He gazed at me, red-eyed and sallow, but said nothing. He was propped up, his arms limp at his sides, an IV drip tube stuck in his thick right forearm. Even in repose Bierly's body looked powerful, and I was reminded anew of the destructive force of a metal

projectile shot from a cheap mechanism that any deranged twerp could pick up on a street corner.

Finally, he said, "How do you know what was said that day? Were you there? I don't remember seeing you there, Strachey."

"I've heard a tape of the session," I said.

Bierly squinted at me perplexedly. Then he suddenly croaked out, "That slimeball!"

"What slimeball?"

"Crockwell. Who else would have taped the session?"

"You're missing a point, Larry, that happens to be your own. The point is, whatever you said, or Paul said, at that session, it's Crockwell who comes off worst. He said if Paul interfered with him, he'd stop Paul dead in his tracks. Do you remember that?"

"I guess so," he said weakly, not looking me in the eye. What was with Bierly? He wanted more than anything, he kept telling me, to nail the wicked Crockwell, while at the same time there was a part of him that didn't want to have to confront Crockwell or even discuss him in any detail. Bierly loathed Crockwell, but for reasons I had yet to decipher he was afraid of him too, or at least reluctant to provoke him.

I said, "It wasn't Crockwell who made a tape. It must have been a member of the group. Somebody sent the tape to the cops anonymously with a note suggesting Crockwell murdered Paul. The implication was, Paul had somehow gone after Crockwell for trying to poison Paul's relationship with his mother and Crockwell killed him. That sounds farfetched to me—Crockwell has no history of violence—just as it sounded unlikely when you told me you thought Crockwell killed Paul just because Crockwell was a hater obsessed with homosexuality. I've met the guy, and he is that. But he seems to get his rocks off taking gay men's money and torturing them with his treatments. He doesn't need to be homicidal. Of course, the cops like the looks of him because he's got a sort of motive for shooting you and maybe killing Paul, and he's got no alibi for either. I know, Larry, that you didn't shoot yourself twice, but I'm wondering if it was you who made

the tape and sent it to the cops to set Crockwell up as a suspect in Paul's death. Was it?"

He'd been watching me and listening with effort—he was undoubtedly on heavy-duty painkillers—and after a moment he said simply, "No. I didn't even know a tape existed."

"Who might have recorded it?"

He shook his head. "Who knows. Everybody in that group was weird or fucked up in some way. And I always had a feeling they all had their secrets. I know some of them did. I'd see Gary Moe and Nelson Bowkar together at the mall sometimes, and once I saw LeVon Monroe and Walter Tidlow eating together late at night at the Denny's on Wolf Road. It came out later that Gary and Nelson were lovers, and it wouldn't surprise me if LeVon and Walter were getting it on too. Paul told me he even saw one of the group cruising a tearoom one time. Maybe somebody taped all the sessions and went home and played them back and jerked off. It's not your well-adjusted healthy homosexual who's drawn into a lunatic asylum like Crockwell's."

"Who did Paul catch in a tearoom?"

"He never said. This happened sometime last winter, I think. But it's hazy because Paul never brought it up again. He went in to take a piss somewhere, he said, and there was some wild scene going on. This guy was in the thick of it. He was telling me this on the phone—saying guess who he saw violating both the canons of good taste and his therapy contract with Crockwell– when his call waiting went off and it was Phyllis, so that was that. Phyllis always took precedence with Paul. The next time I saw him, I asked him about the tearoom scene, but he didn't seem to want to talk about it. I got the idea that maybe his presence in this place wasn't entirely innocent either."

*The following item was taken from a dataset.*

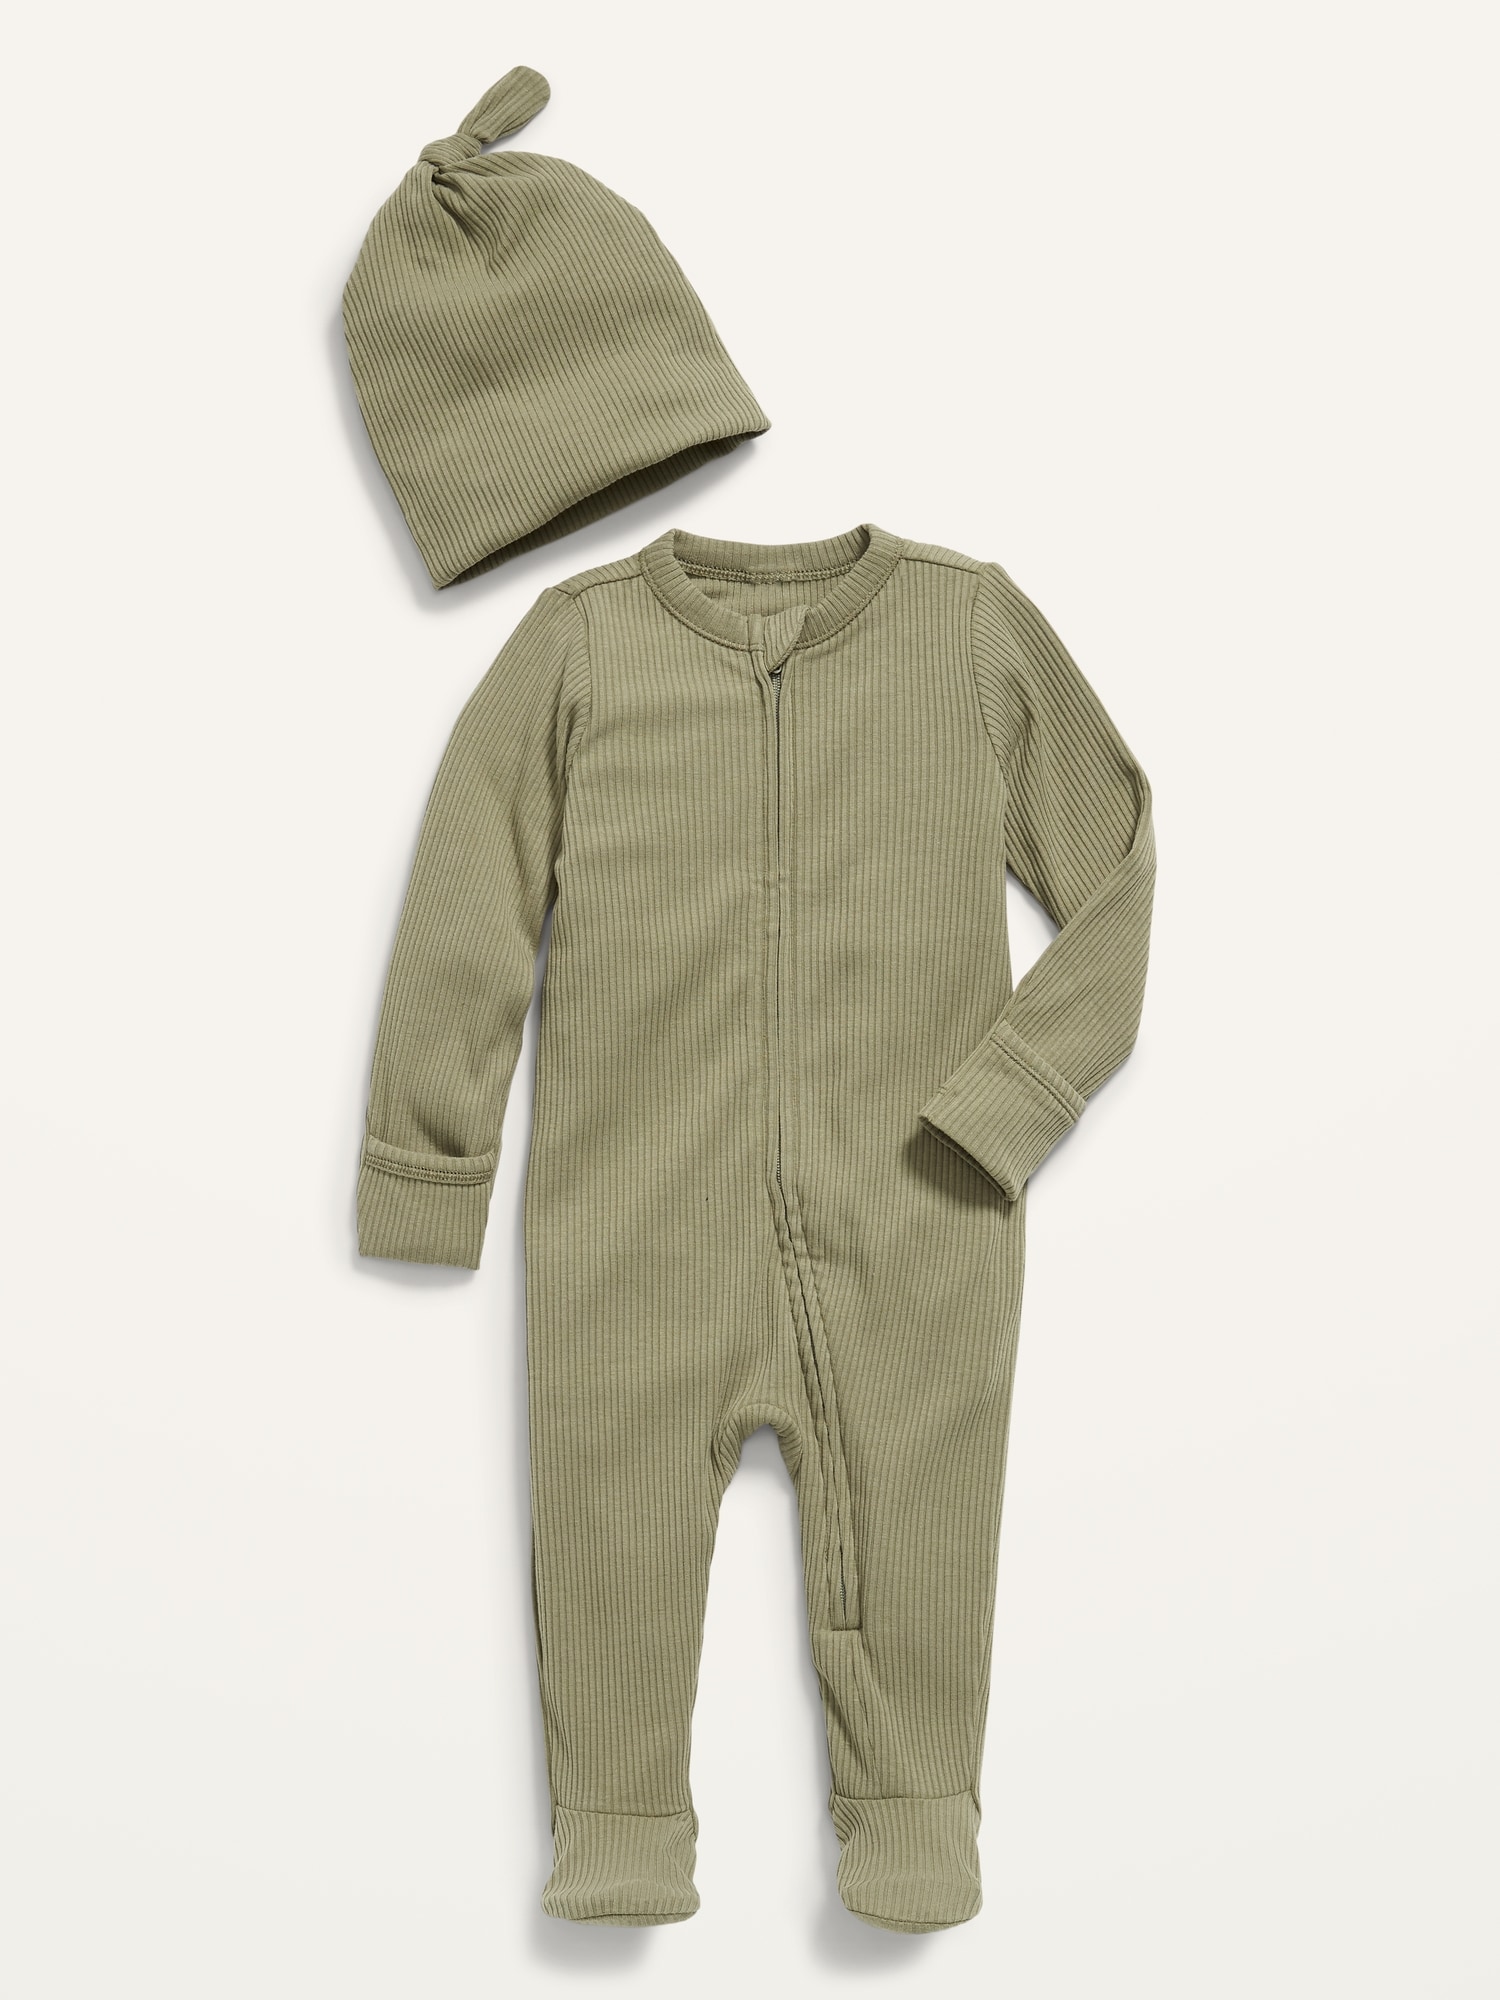 Oldnavy Footed Sleep & Play Rib-Knit One-Piece & Beanie Layette Set for Baby Hot Deal

"You claim to value being honest and straightforward, Larry. And yet there is another area where you have not been entirely honest and straightforward with me."

"Oh, is that so?" He looked wary.

"You forgot or chose not to explain to me the connection

between you and Paul and Crockwell and Steven St. James. You can correct that oversight starting as soon as I count to one. One."

Bierly was hooked up to some kind of electric monitor, and as he lay there looking over at me, a couple of his numbers started going up.

For a second time, I said, "One."

Then he shook his head and said, "That has nothing to do with anything."

"I don't believe it."

"So don't."

"Who is St. James?"

"An acquaintance."

"More than that, I think. He was here first thing yesterday morning. He drove up from Schuylers Landing as soon as he heard on the news that you had been shot. Who is he, Larry?"

Bierly shifted irritably and gave me a get-off-my-back look. "Damn it, he's just a friend. Why are you making such a big fucking deal out of Steven? You're going on and on about unimportant crap like that and you're not doing your job at all, which is to nail that psychotic madman Crockwell. You said you believe me now that Paul didn't kill himself. So does this mean that you are working for me and not that ridiculous old bag Phyllis Haig?"

I said, "I'm pretty much convinced that Paul was murdered, and privately the cops are convinced too—though getting the DA to act may take some doing, inasmuch as the coroner has ruled that Paul died by his own hand, and when an old boy of official Albany is apprised of the incompetence of another old boy of official Albany, he tends not to shout it from the tallest tree. But be assured I'm working on all that. As for working for you– maybe. I do want to avoid taking your money if there's a good chance I can take the money from somebody else who has more than you do and deserves it less."

"Jesus, Strachey, you wouldn't last in business more than a week."

That hurt, though at least T. Callahan was not present for this affirmation of his own harsh view on the subject. I said, "So did

Crockwell shoot you? The cops said you were not able to identify who shot you."

Looking grave, he said, "I don't know exactly. I mean, it must have been Crockwell. Who else could it be? It all happened so fast—it's just blurry. The guy was wearing a ski mask, I think. He just rose up from the other side of the car, and the next thing I remember is, I was in the hospital. Did the cops question Crockwell? Are they going to arrest him? I didn't get a good look, but, God, it must have been him."

"They're talking to him. It's possible he'll be charged. There is some circumstantial evidence—a gun like the one used to shoot you has been found in Crockwell's office dumpster."

Bierly's eyes got big, and he said, "Christ!"

"Even if Crockwell's fingerprints aren't on the gun, Finnerty and his gang will probably pop Crockwell in their microwave and see if his ions start rearranging themselves. They're efficient down there on Arch Street."

Now Bierly looked truly frightened. "Is Crockwell being watched? I know the hospital has a guard outside my door, but Crockwell is ruthless. And if it was him, he could probably talk his way in here and come after me again."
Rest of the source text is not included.